[Tutor] Regular Expression question

Scott Chapman scott_list@mischko.com
Fri Apr 18 14:58:01 2003


On Friday 18 April 2003 11:46, Michael Janssen wrote:
> On Thu, 17 Apr 2003, Scott Chapman wrote:
> > Is it possible to make a regular expression that will match:
> > '<html blah>' or '<html>'
> > without having to make it into two complete expressions seperated by a
> > pipe: r'<html[ \t].+?>|<html>'
> >
> > I want it to require a space or tab and at least one character before the
> > closing bracket, after 'html', or just the closing bracket.
>
> def test(expr):
>     for s in ('<html blah>','<html>', '<html:subtype>','<html >',
>               '<html tag1 tag2>'):
>         print "%-18s" % s,
>         mt = re.search(expr, s)
>         if mt:
>             print mt.group()
>         else: print
>
>
> test(r"<html([ \t][^ \t]+?)?>")
> <html blah>        <html blah>
> <html>             <html>
> <html:subtype>
> <html >
> <html tag1 tag2>
>
> r"<html([ \t][^ \t]+?)?>" has a group "([ \t][ \t]+?)" for one following
> space-tag-combination.

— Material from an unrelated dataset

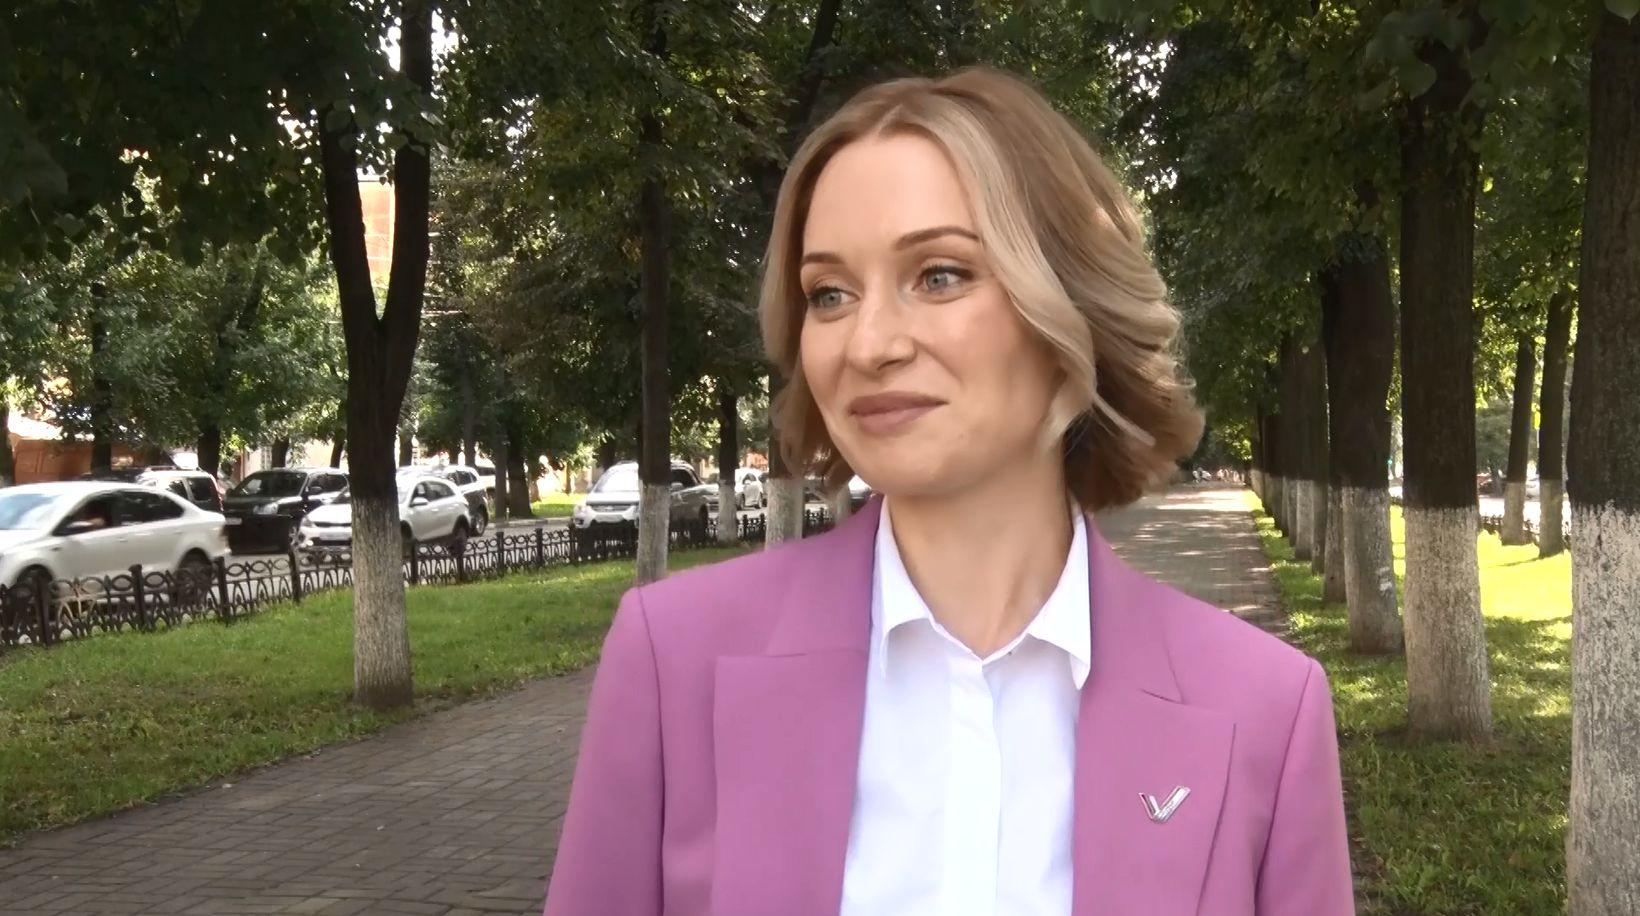 Необходимо подумать о мерах поддержки молодых учителей – заявила учитель из Ярославля Президенту России
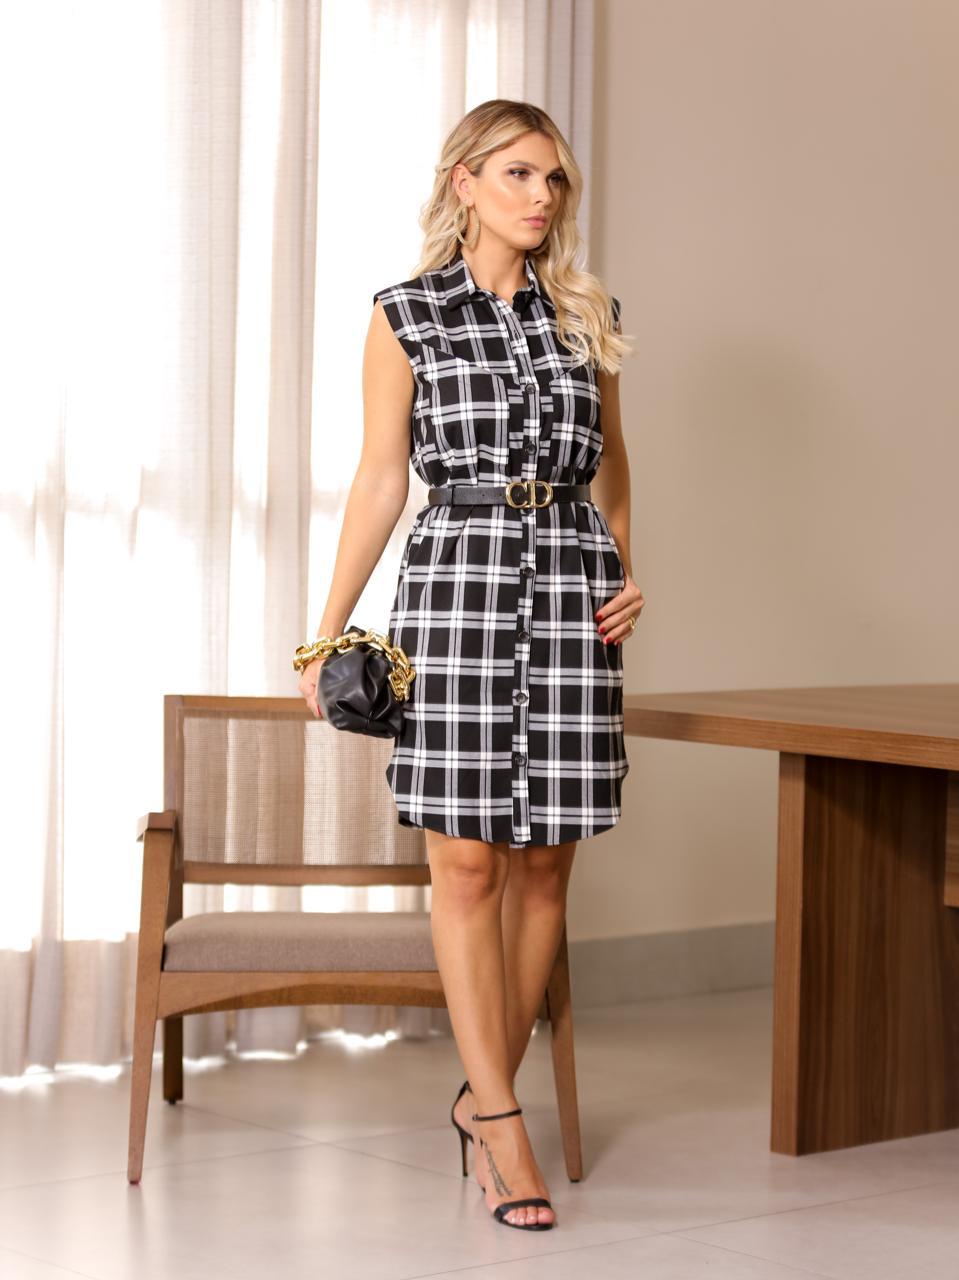 Vestido Toscana Regata Viscocrepe  3 % Elastano

This group can be given once or no times.
>
> NB: re is powerfull but not suficient for reallife html as Magnus has
> already stated today.
>
> Michael

Mike,
Thanks for the tip.  I'm moving forward with this as a first program in 
Python.  I'll have a good look at htmlParser shortly because of Magnus' post.  
I'm just using this as an exercise and doubt it will ever see production.

Thanks!
Scott